这个帖子的内容为一个老外问oracle如何避免partial write的,也就是大家所说的半个IO问题,IO 在写到一半的时候发生断裂,(瞬间断线,瞬间crash瞬间存储或者机器故障等) 虽然这个情况极少发生,但是在非常规恢复的时候也是经常遇到的,例如某个block内部出现不一致,也就是我们所谓的逻辑坏块。
我仔细的又过了一遍帖子,发现下面的几个回答完全不准确,或者有点张冠李戴的意思。

首先我们看看什么是mysql 的double write:

—–引自 mysqlperformace blog

为什么要用doublewrite?
目的是为了保证出现部分写失效(partial page write)–即数据页写到一半时就出现故障–时的数据安全性。Innodb并不在日志中记录整个数据页,而是使用一种称之为“生理”日志的技术,即日志项中只包含页号、对数据进行的操作(如更新一行记录)和日志序列号等信息。这一日志结构的优点是能够减少写入到日志的数据量,但这也要求要保持页内部的一致性。
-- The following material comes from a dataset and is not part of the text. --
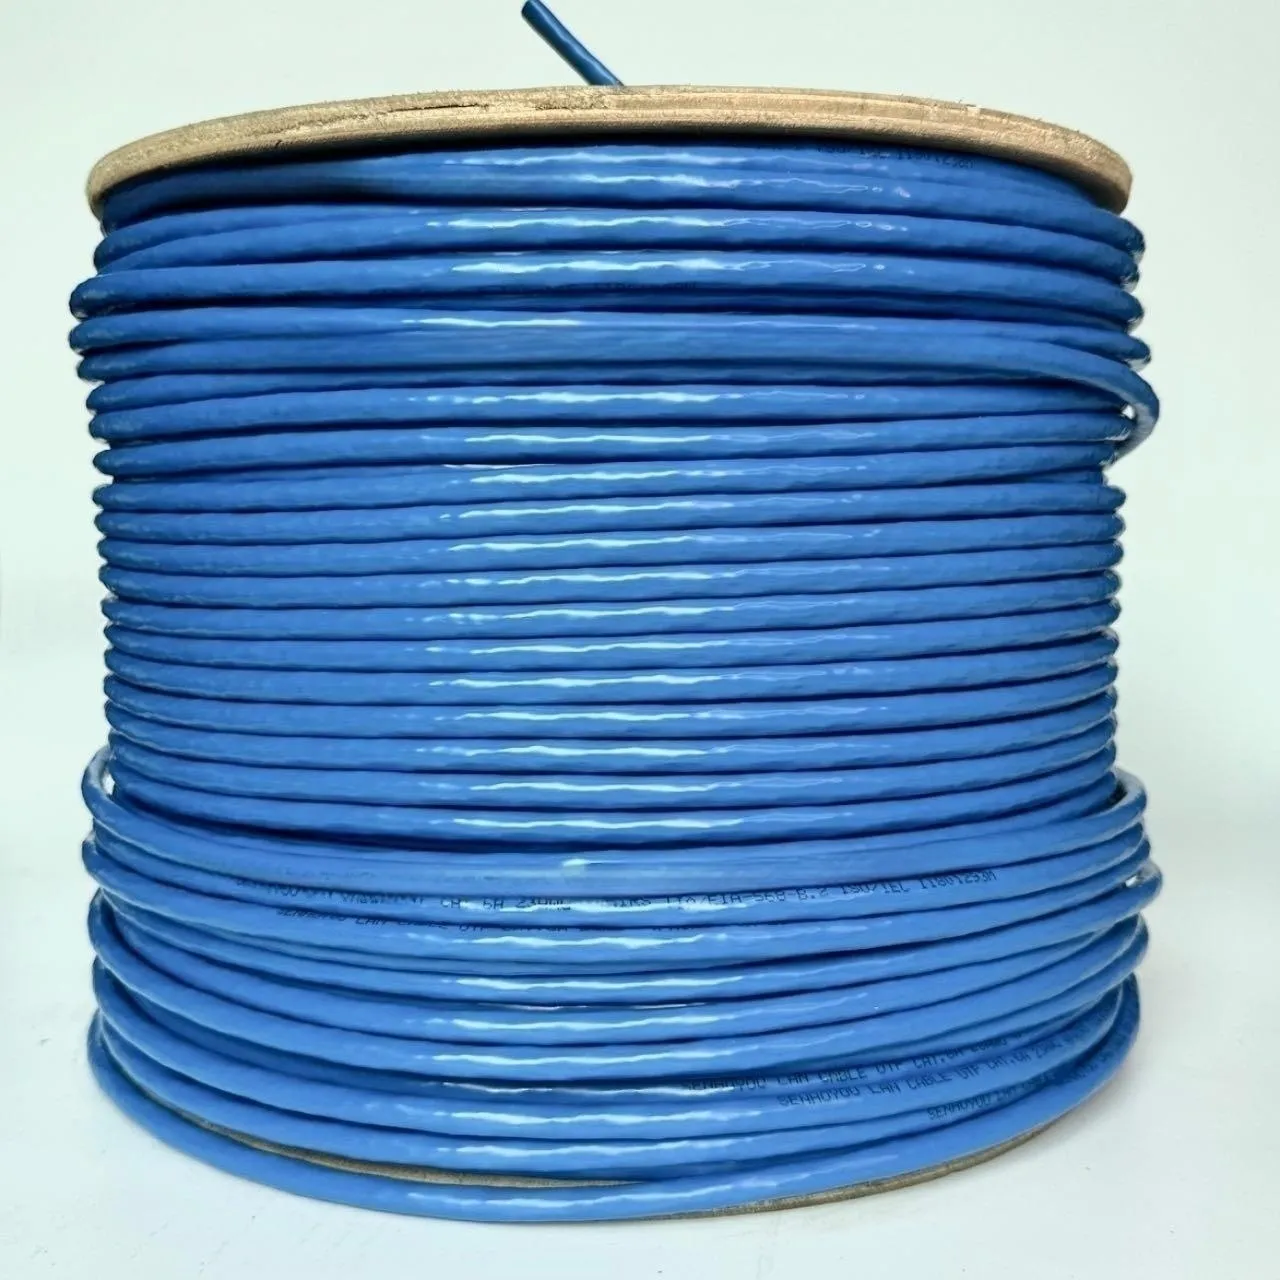 Customized 1000ft 305m network Cat6 wholesale price cat6a cat6 cable 305m roll price cable utp ftp cat 6 shielded network cable

页的版本号是没关系的,数据页可以是当前版本(这时Innodb(故障恢复时)会跳过对页的更新操作)若是早期版本(这时Innodb将执行更新操作)。但如果页内部数据不一致,恢复将不能进行。

部分写失效
什么是部分写失效,为什么会出现这一现象呢?部分写失效指的是提交给操作系统的写数据页操作只完成了一部分。例如一个16K的Innodb数据页中只有4K被更新了,其余部分数据还是旧的。大部分的部分写失效都在断电时产生,在操作系统崩溃时也可能出现,这是由于操作系统可能将一个写16K数据的操作分割成多个写操作(这可能由文件碎片导致),而在执行这多个写操作的过程中发出的故障。当使用软件RAID技术时,数据页可能恰好跨越分片(stripe)的边界,这时也需要执行多个IO操作,因此也可能导致部分写失效。当使用硬件RAID又没有使用带电池的缓存时,断电时出现部分写失效也是可能的。当发送到磁盘本身只有一个写操作时,理论上硬件可以保证写操作即使在断电时也可以完成,因为驱动器内部应该积累有足够的电量来完成这一操作。但实话说我并不知道事实是不是这样,这很难检测,而且这也不是部分写失效的唯一原因。我所知道的只是部分写失效可能会出现,当Innodb实现 doublewrite功能前,我遇到过很多由于这一原因而导致数据被破坏。

doublewrite如何工作?
你可以将doublewrite看作是在Innodb表空间内部分配的一个短期的日志文件,这一日志文件包含100个数据页。Innodb在写出缓冲区中的数据页时采用的是一次写多个页的方式,这样多个页就可以先顺序写入到doublewrite缓冲区并调用fsync()保证这些数据被写出到磁盘,然后数据页才被定出到它们实际的存储位置并再次调用fsync()。故障恢复时Innodb检查doublewrite缓冲区与数据页原存储位置的内容,若数据页在doublewrite缓冲区中处于不一致状态将被简单的丢弃,若在原存储位置中不一致则从doublewrite缓冲区中还原。

doublewrite缓冲区对MySQL有何影响?
虽然doublewrite要求每个数据页都要被写二次,其性能开销远远小于二倍。写出到doublewrite缓冲区时是顺序写,因此开销很小。 doublewrite同时还可以降低Innodb执行的fsync()操作,即不需要写每个页时都调用一下fsync(),而可以提交多个写操作最后再调用一次fsync()操作,这使得操作系统可以优化写操作的执行顺序及并行使用多个存储设备。但在不使用doublewrite技术时也可以用这些优化,事实上这些优化是与doublewrite同时实现的。因此总体来说,我预计使用doublewrite技术带来的性能开销不会超过5%到10%。

能否禁用doublewrite?
如果你不关心数据一致性(比如使用了RAID0)或文件系统可以保证不会出现部分写失效,你可以通过将innodb_doublewrite参数设置为0还禁用doublewrite。但通常这可能带来更大的麻烦。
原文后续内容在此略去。